◆ Work to be completed: Exact reproduction of all the data is required, with pictures excluded.

#### Dataset content ####

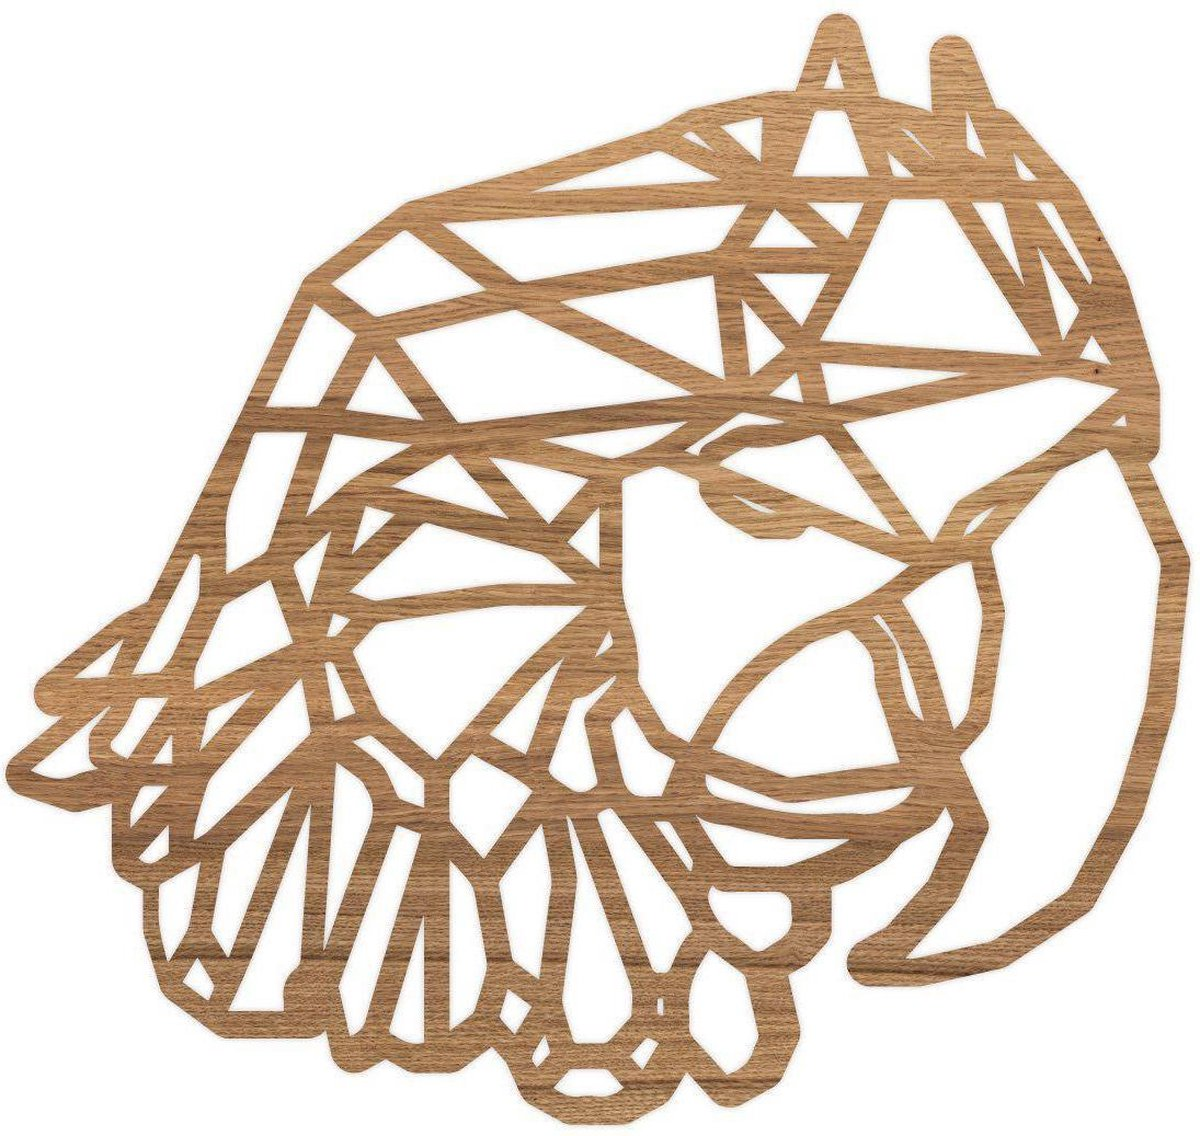 Geometrische Dieren Papegaai - Eiken hout - S (25x24 cm) - Cadeau - Kinderen - Geschenk - Woon decoratie - Woonkamer - Slaapkamer - Geometrische wanddecoratie
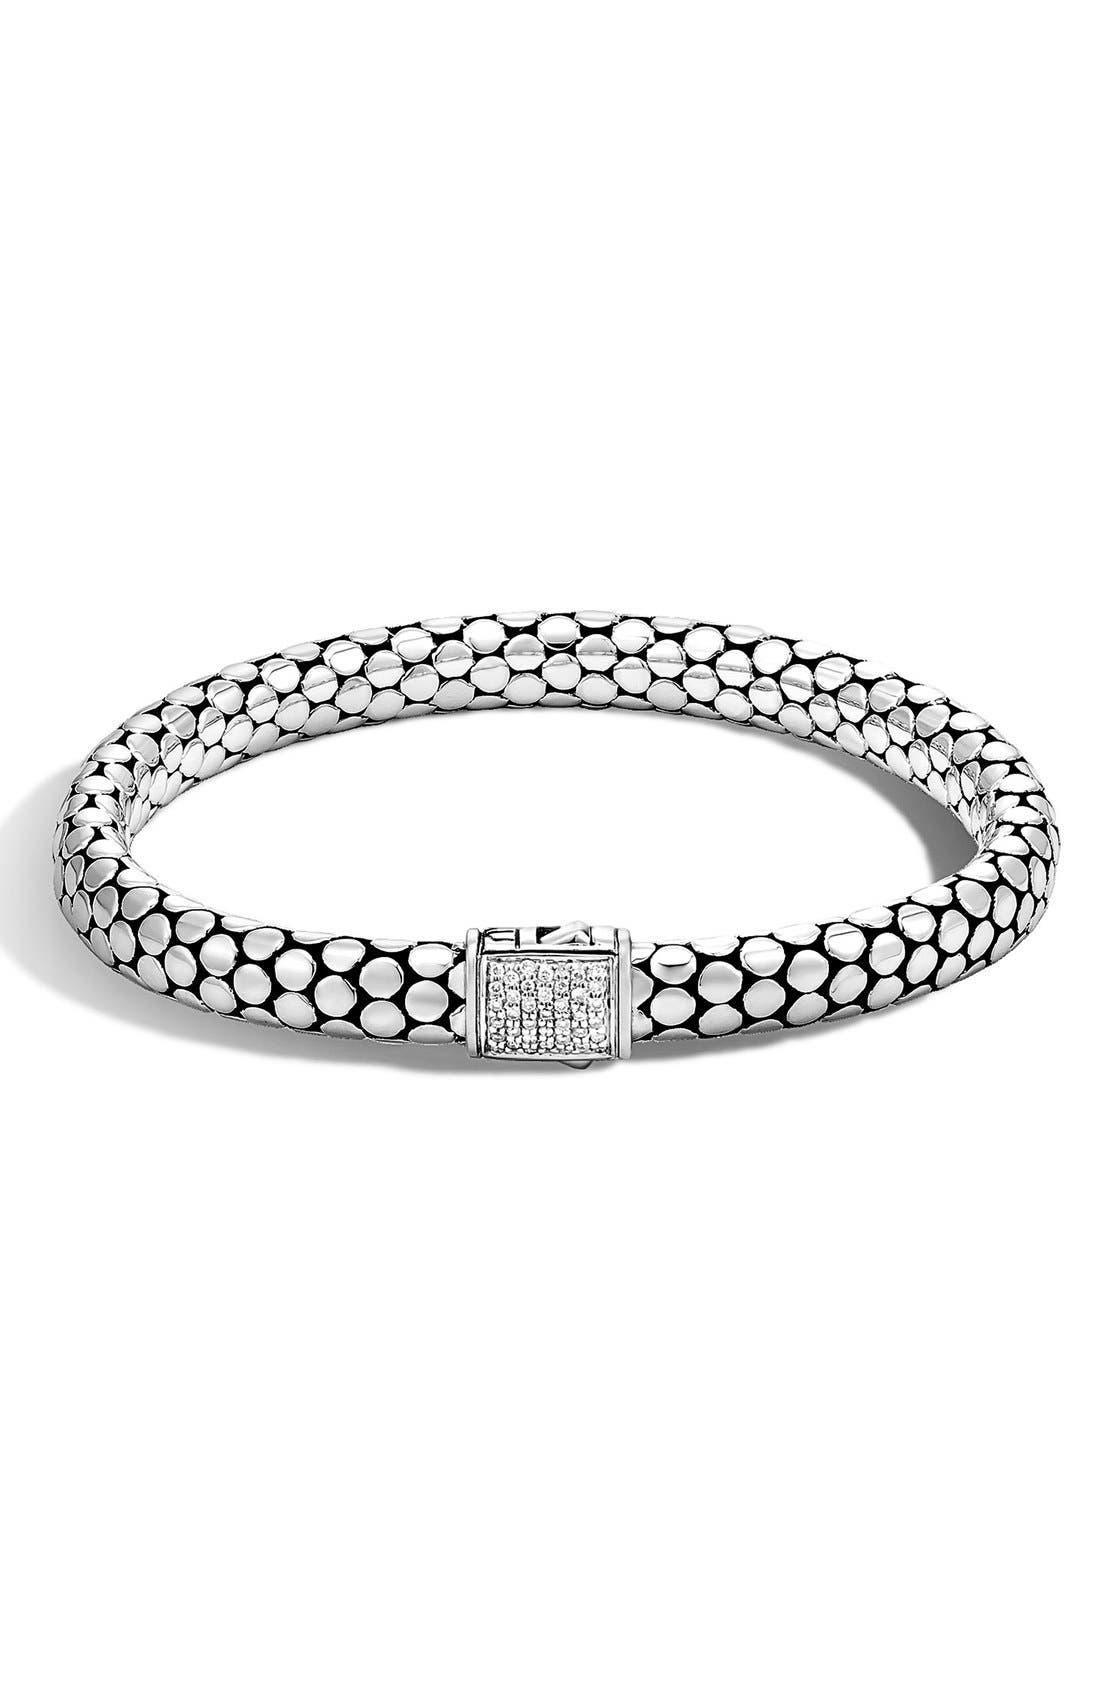 Main Image - John Hardy 'Dot' Small Diamond Bracelet
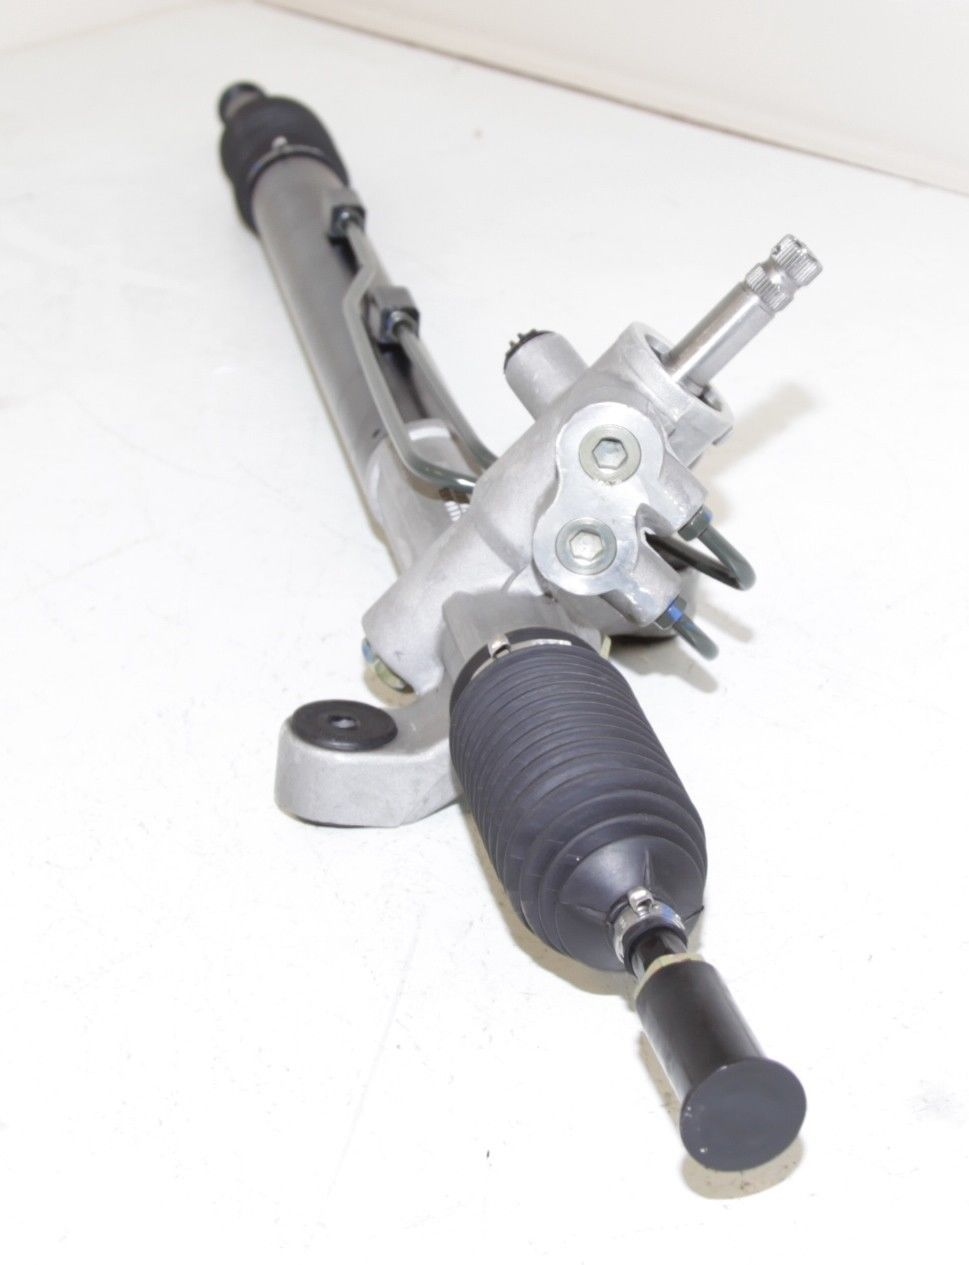 power steering rack pinion gear for 03 07 accord 2 4l non hybrid 4 c 53601 sep a04 53601sdna04 53600 sda a04
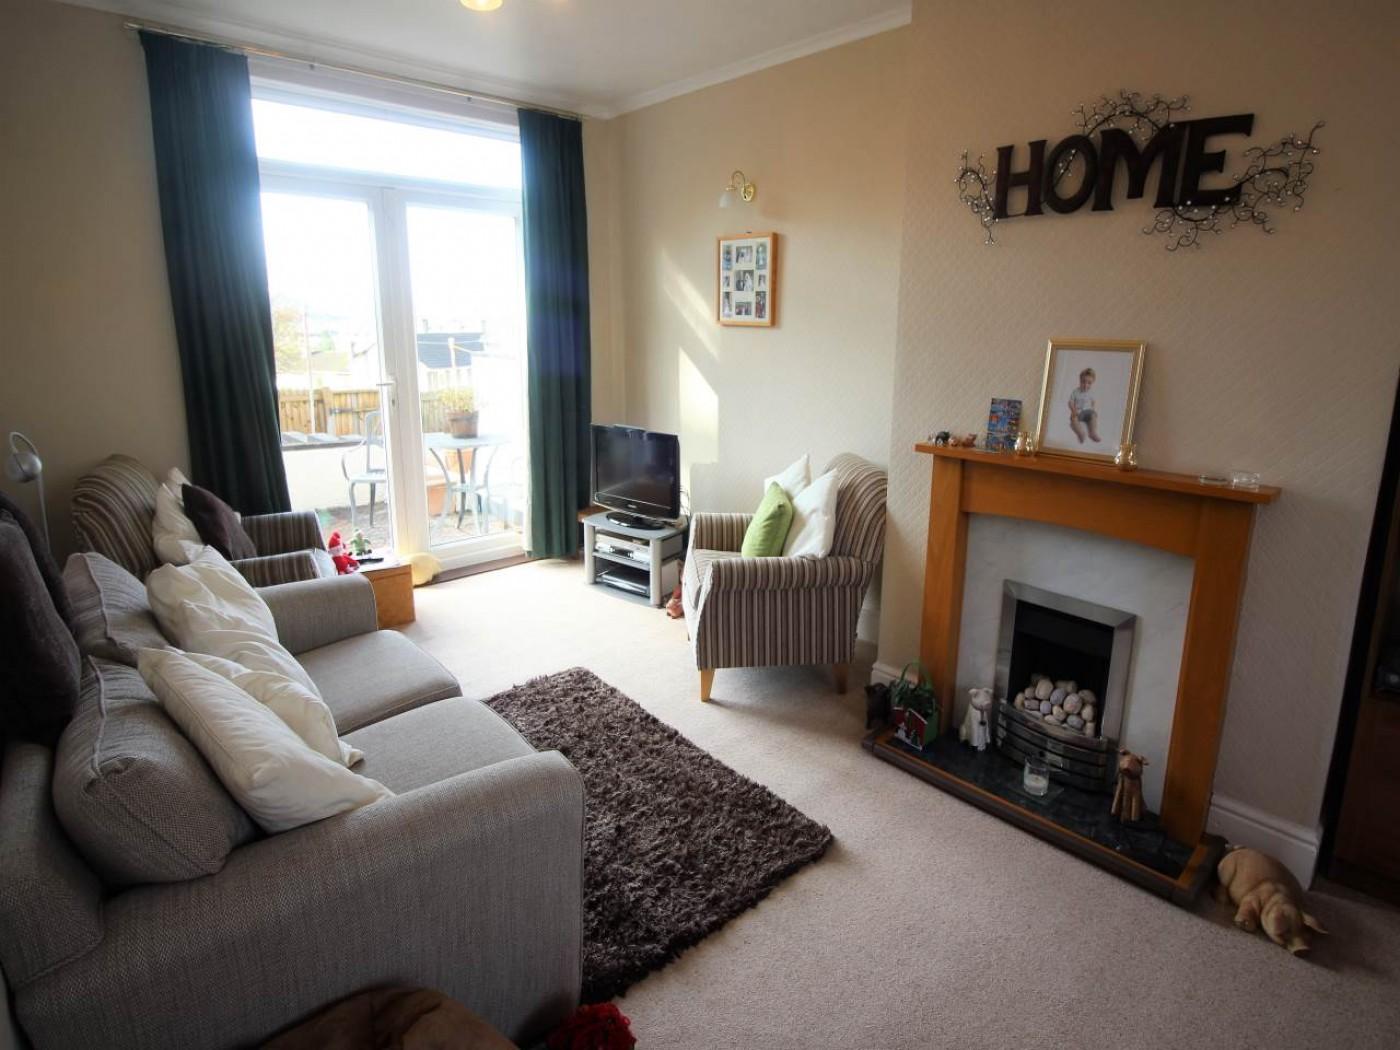 sofa malpas road newport score unlocked apk graig park 3 bedroom house

####

◆ Answer:
 Geometrische Dieren Papegaai - Eiken hout - S (25x24 cm) - Cadeau - Kinderen - Geschenk - Woon decoratie - Woonkamer - Slaapkamer - Geometrische wanddecoratie
 Main Image - John Hardy 'Dot' Small Diamond Bracelet
 power steering rack pinion gear for 03 07 accord 2 4l non hybrid 4 c 53601 sep a04 53601sdna04 53600 sda a04
 sofa malpas road newport score unlocked apk graig park 3 bedroom house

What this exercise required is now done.